▶ What the task requires
Please output every line of the material as it stands, without the pictures.

▶ Supplied material

* * * * *

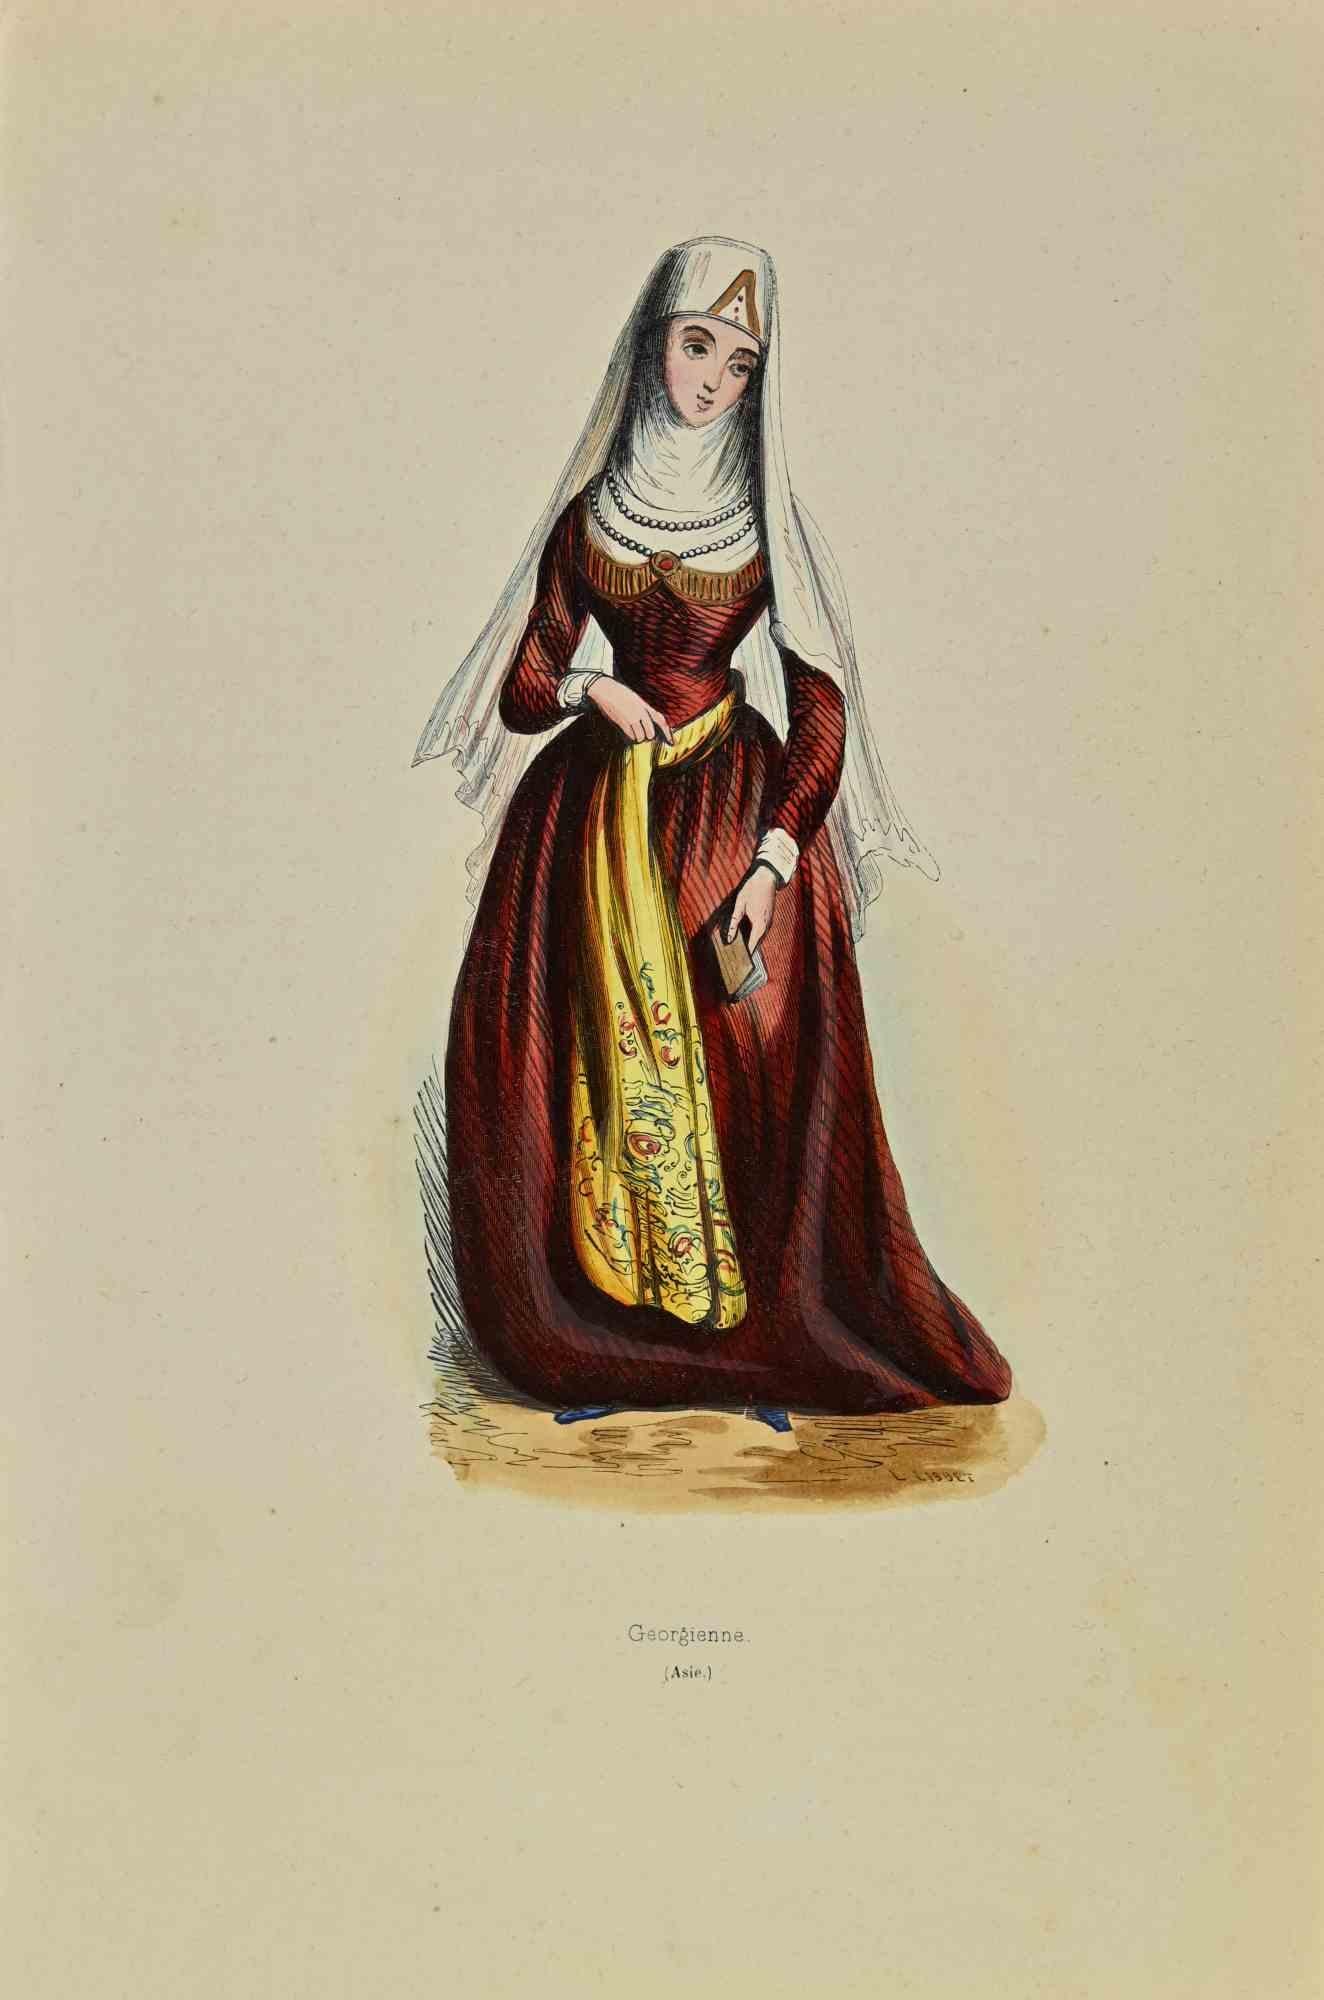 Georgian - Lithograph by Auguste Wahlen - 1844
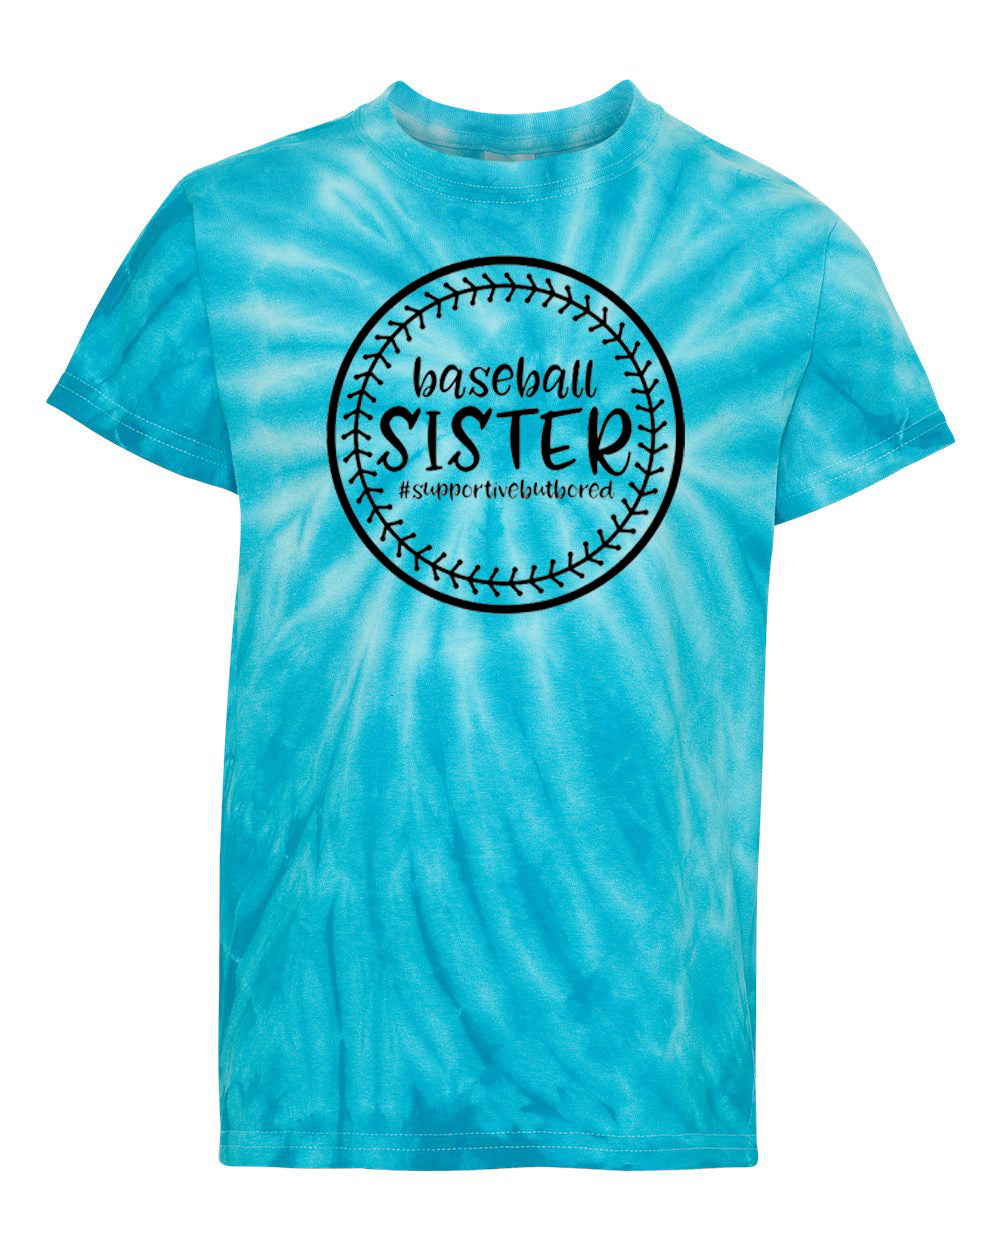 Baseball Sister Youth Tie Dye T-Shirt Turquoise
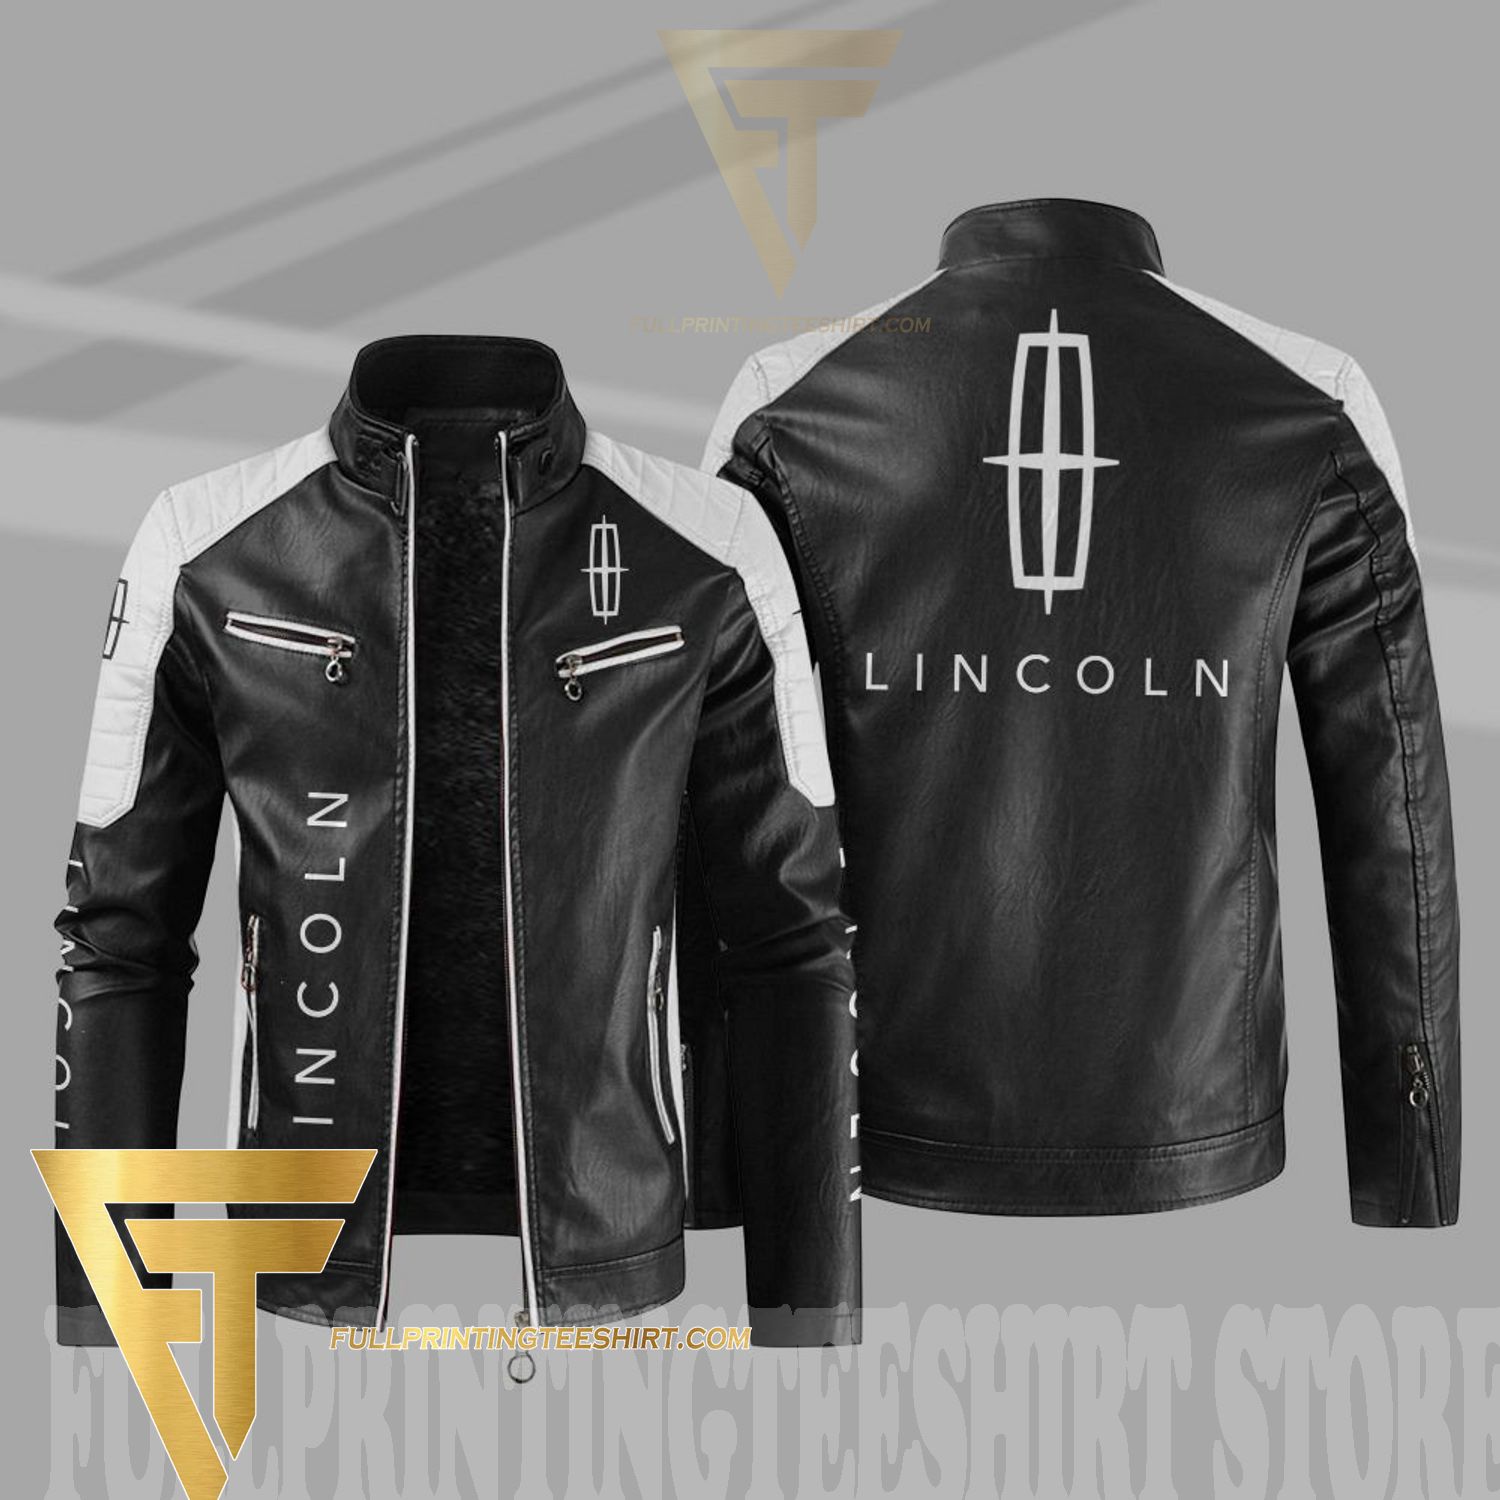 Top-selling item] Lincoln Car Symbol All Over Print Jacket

* * * * *

▶ Solution
 Georgian - Lithograph by Auguste Wahlen - 1844
 Baseball Sister Youth Tie Dye T-Shirt Turquoise
 Top-selling item] Lincoln Car Symbol All Over Print Jacket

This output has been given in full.